Alle origini dell’Europa cristiana


 

Un contributo importante allo sviluppo dell’Europa. L’invasione dei popoli barbari e la loro graduale evangelizzazione. Un passato per certi versi simile a oggi. Conoscerne la storia, per migliorare la nostra epoca

«Gli Unni: una gente che, barbara oltre ogni immaginazione, vive al di là della palude Meotide, ai bordi del mar Glaciale; (…) tarchiati, robusti, grossi di collo, con qualcosa che incute terrore nella loro struttura innaturale: quasi una sorta di animali bipedi». Così li presentava Ammiano Marcellino, in un lungo capitolo dei Rerum gestarum libri XXXI (le Storie), durante il IV secolo dell’era cristiana.
Autore forse non originale ma saldamente ancorato alla tradizione storico-retorica di Tacito, egli aveva saputo distinguerne la varietà nella pluralità delle genti che da tempo premevano sui confini dell’Impero, aggiungendo che: «In genere gli Alani sono alti e di bell’aspetto. I capelli tirano al biondo: lo sguardo è più marziale che feroce (…) il godimento che la gente quieta trova nel riposo, essi lo traggono dal rischio e dalla guerra». A due secoli di distanza, negli anni in cui Giustiniano, imperatore d’Oriente,stava riconquistandoal proprio dominio ciò che restava del regno visigoto in Italia, il greco Procopio – forse con una punta d’invidia, lui che era piccolo e olivastro – chiosava: «Ci furono e ci sono tuttora diverse specie di Goti, tutti bianchi di corpo, biondi i capelli, grandi e avvenenti le persone».
Dunque repellenza e ammirazione, sentimenti contrastanti e difformi suscitavano negli abitanti dell’Impero quelle stirpi esotiche, talora temute, raramente frequentate, spesso relegate all’ambito della narrazione letteraria e favolosa.
Almeno a partire dal II secolo il mondo romano aveva, in realtà, intessuto contatti e relazioni, soprattutto di natura commerciale, con il variegato mondo dei barbari (così chiamati perché parlavano male il latino e apparivano come balbuzienti), che si erano temporaneamente stanziati oltre il Reno e il Danubio, i grandi fiumi divenuti la frontiera settentrionale dell’Impero.

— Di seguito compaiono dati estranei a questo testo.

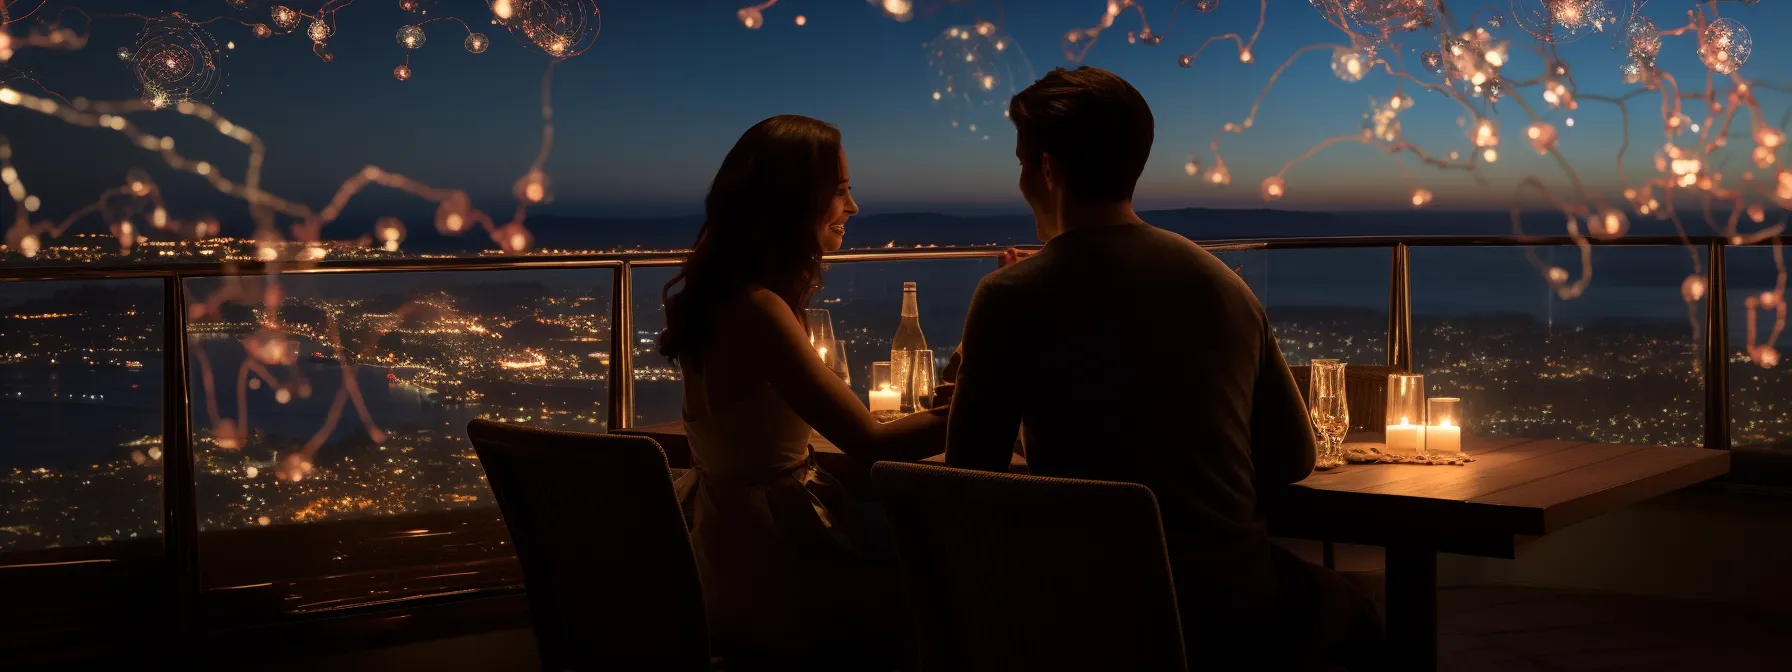 A couple sitting at a table overlooking a city at night while enjoying the breathtaking views offered by Secrets Resorts.

Attirate dalle fertili terre dell’Europa meridionale, dal richiamo di una civiltà evoluta e ricca, le tribù di Germani si erano insediate a ridosso di questi confini come coloni o come federati, con il beneplacito dell’autorità romana. Molti di loro avevano prestato e prestavano il servizio militare nelle legioni dell’Impero. Ma queste popolazioni erano risultate incapaci di organizzarsi in un’efficace struttura politica e militare. Così, proprio alla fine del IV secolo, sotto la minaccia degli Unni, alcune tribù di Visigoti avevano valicato i confini dell’Impero in cerca di protezione, aprendo di fatto un varco ad altre popolazioni, più selvagge, pronte alla rapina e al saccheggio.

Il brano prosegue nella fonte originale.